Смотрю на Бельчука. Спокойный, подтянутый, даже щеголеватый, он слушает предъявляемые ему упреки и обвинения, и — режьте меня, если это не так! — он презирает всех. Лицо спокойное, ясное, розовое, — малина со сливками!

Спор с Бельчуком разгорается. Он за собой вины не признает.

— Я комендант здания, а не гувернантка! Не обязан я вашу школу беречь. — И прибавляет с издевкой: — Подумаешь, интэллихэнция! Детки, букварики… Обож-жаю!

Конечно, Бельчук не князь и не граф, как та домовладелица, которая «обожает» советскую власть. Но они сейчас — одно! Мог бы такой Бельчук лить из окна кипяток на голое тельце ребенка? Мог бы! Самым хладнокровным образом!

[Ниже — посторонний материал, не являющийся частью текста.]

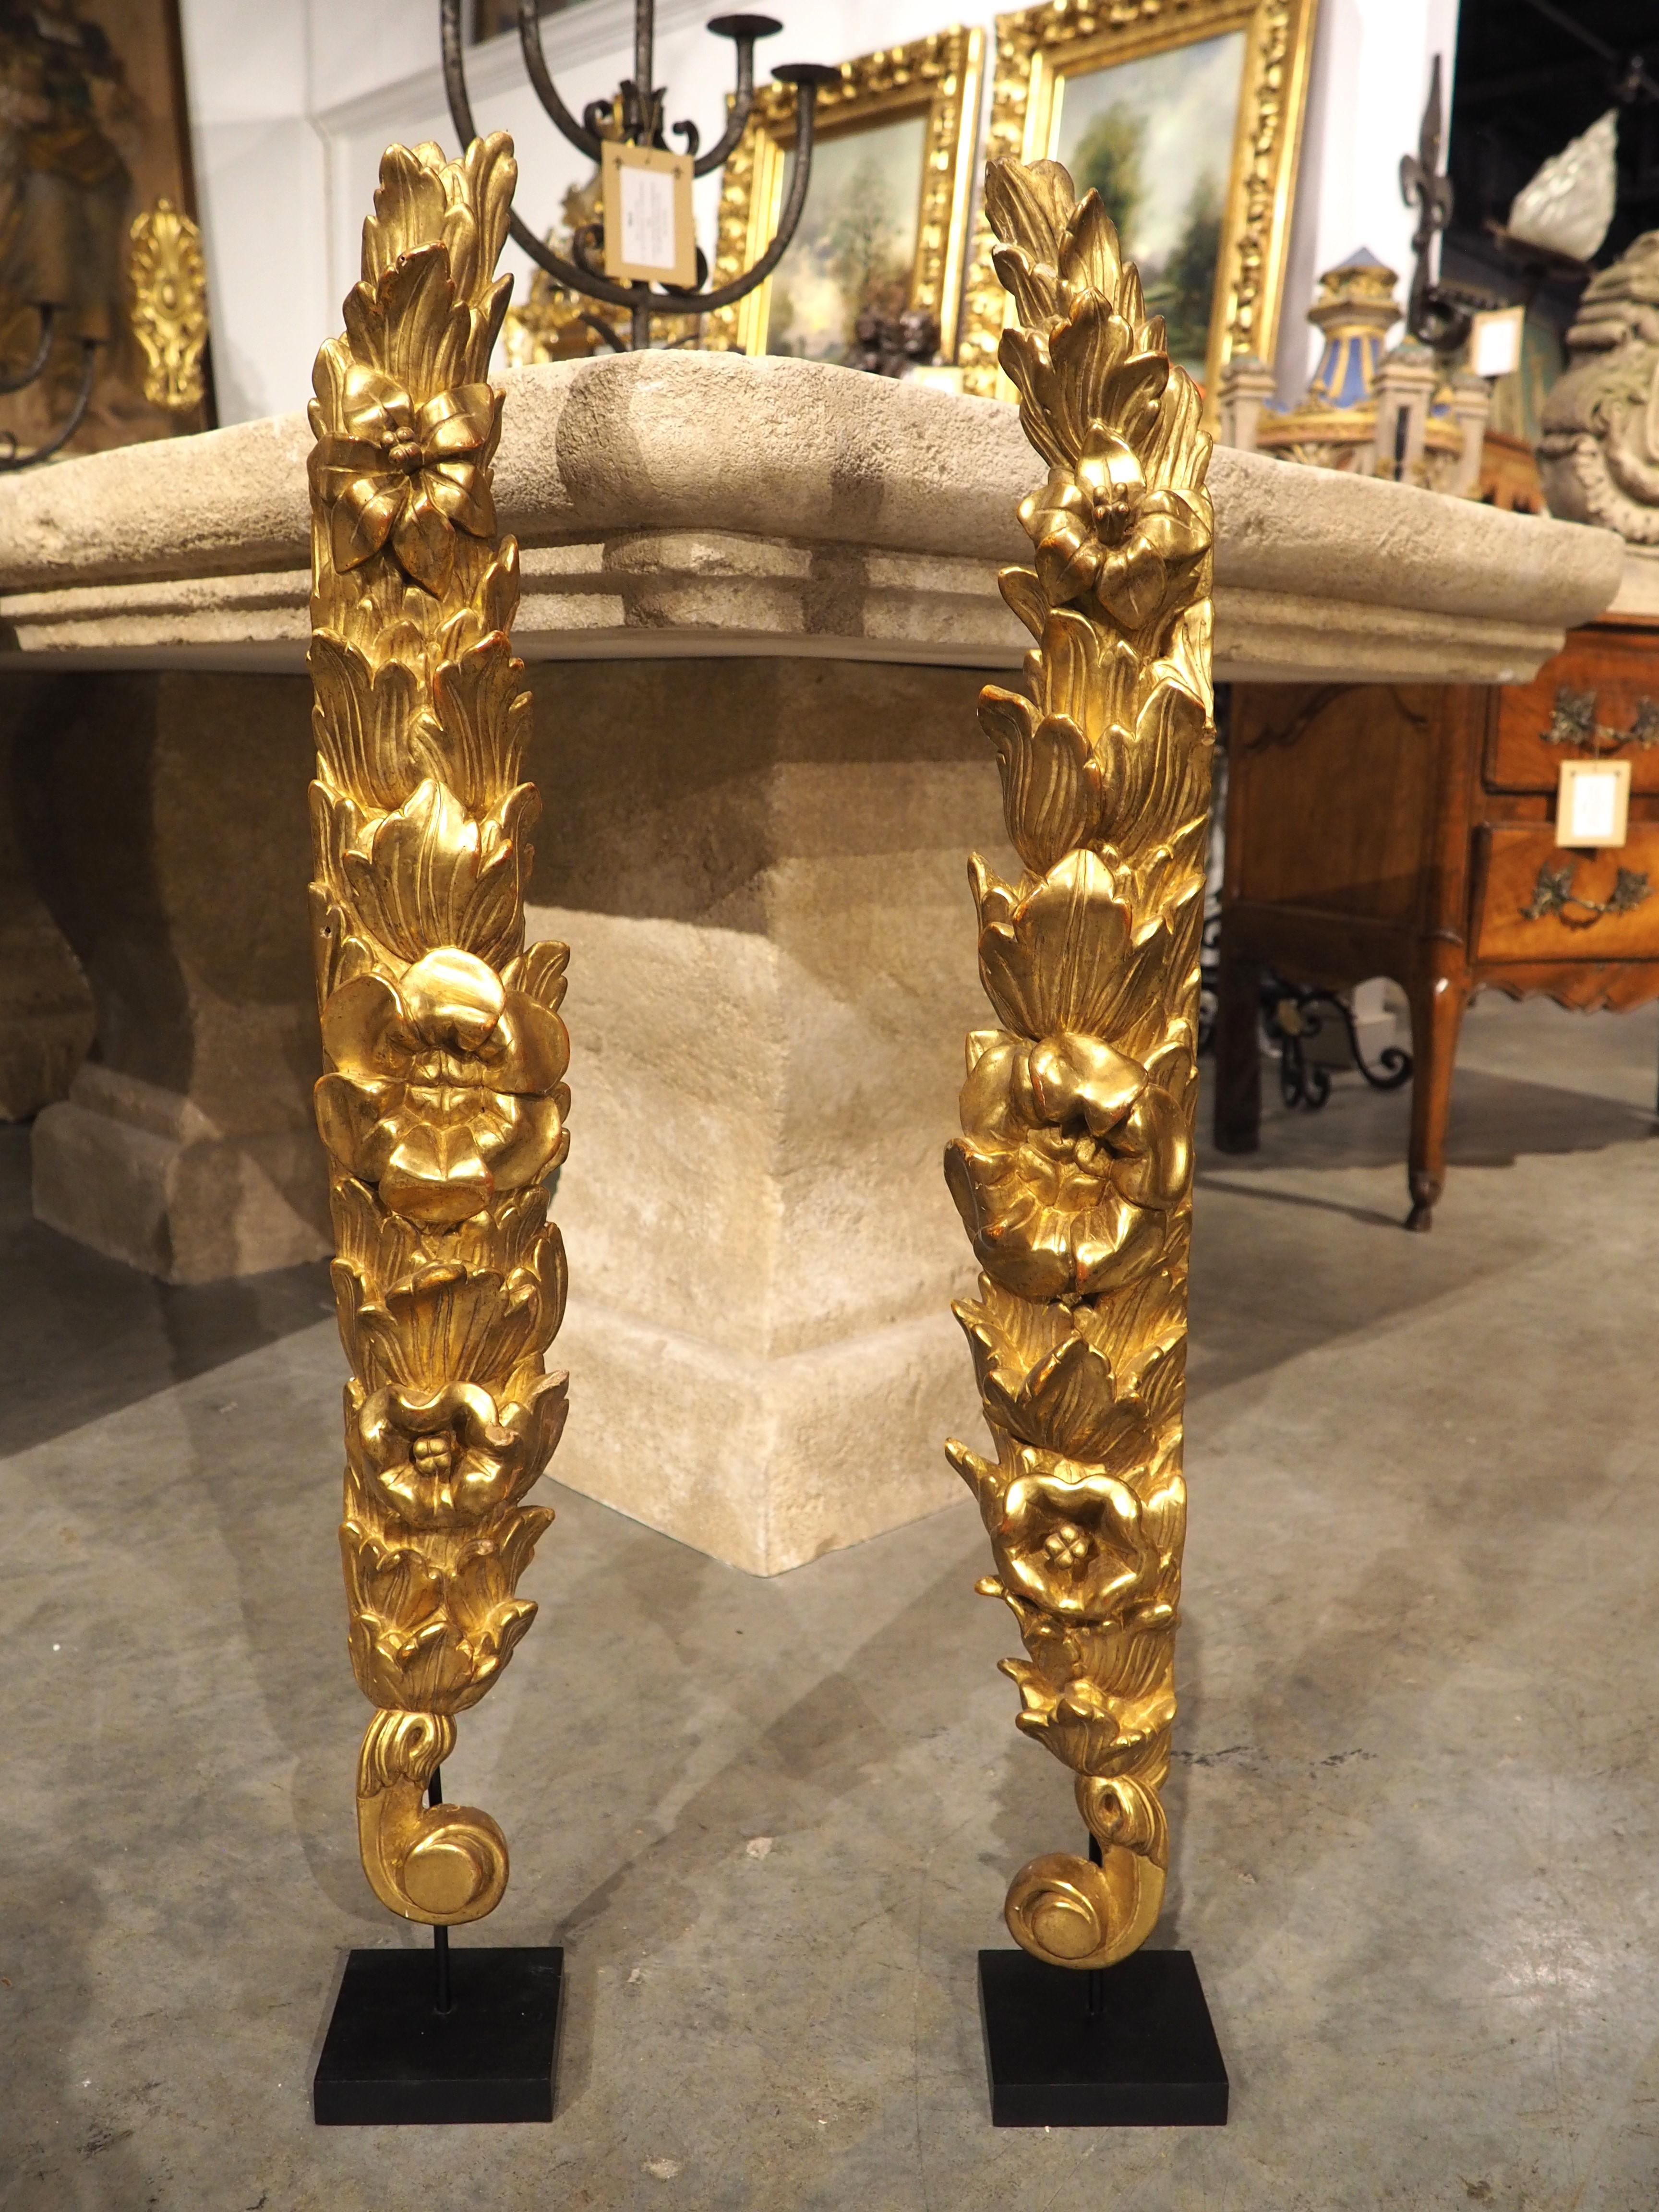 Pair of 18th Century Giltwood Altar Ornaments from Italy (34 inches tall) 5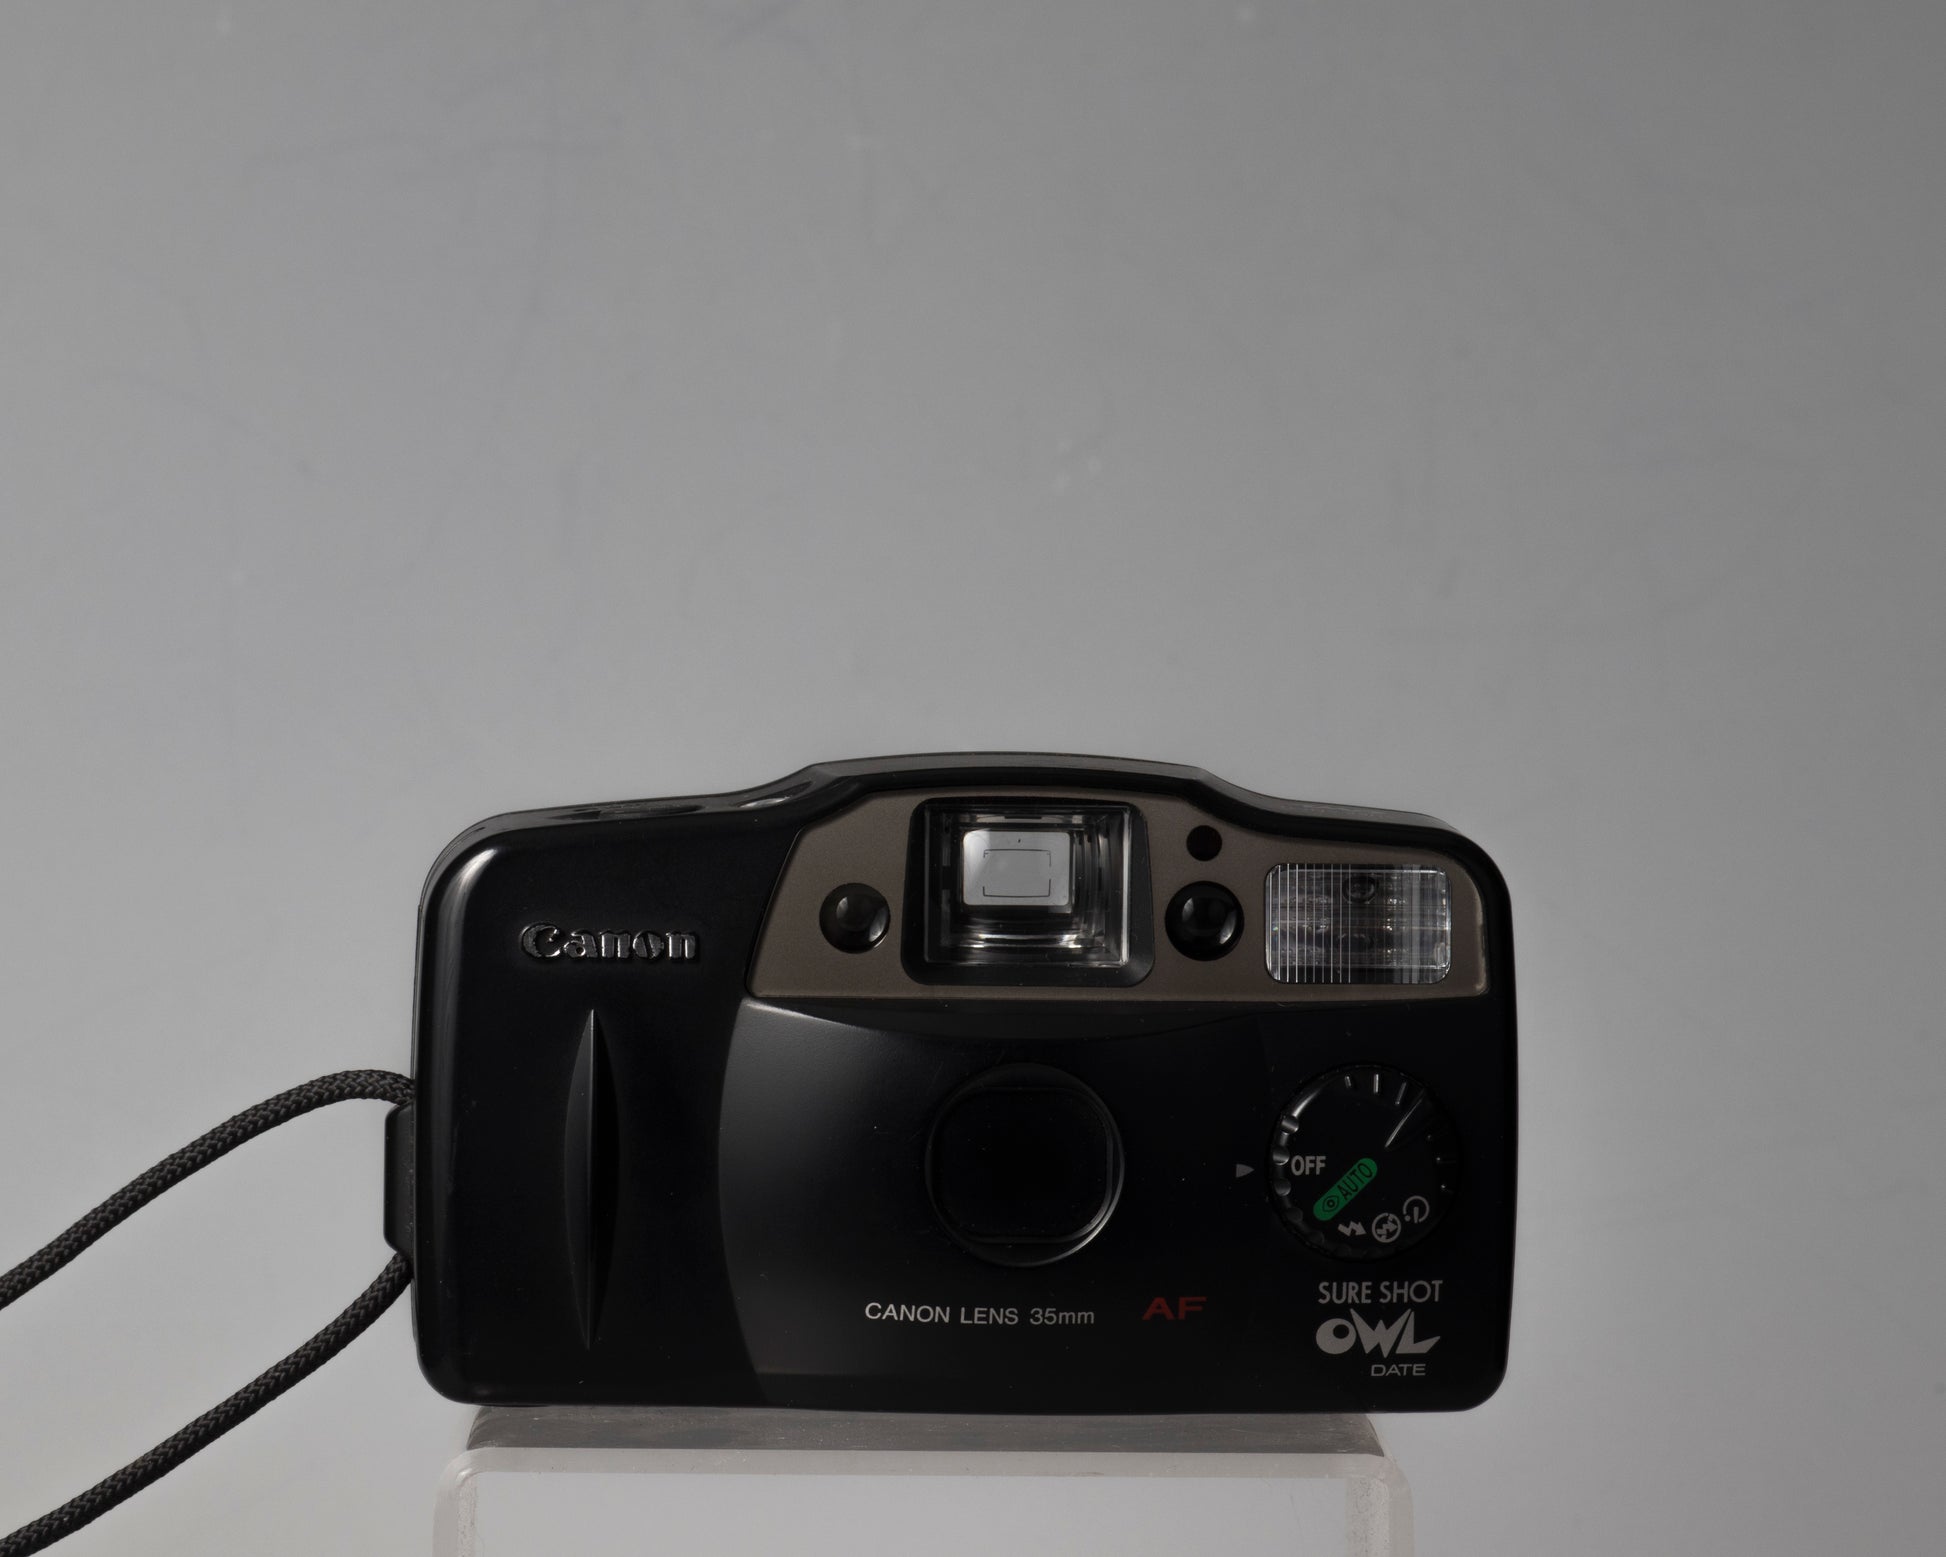 Canon Sure Shot Owl Date (shown with lens closed)

Лицо Бельчука растет перед моими глазами, словно показанное крупным планом на киноэкране. С ужасом открываю я вдруг, что мне доставило бы огромное наслаждение, размахнувшись, влепить пощечину в эту гнусную, самодовольную харю… Боже мой, что же такое культура и где, в частности, моя культура, если я мечтаю, жажду набить человеку морду!

Надо кончать заседание, — час поздний, все устали, а суд над девушками-санитарками завтра утром. Принимается постановление: послать на суд кладовщика Шмарова. Пусть он выступит от месткома института и объяснит суду, что девушки не так уж виноваты.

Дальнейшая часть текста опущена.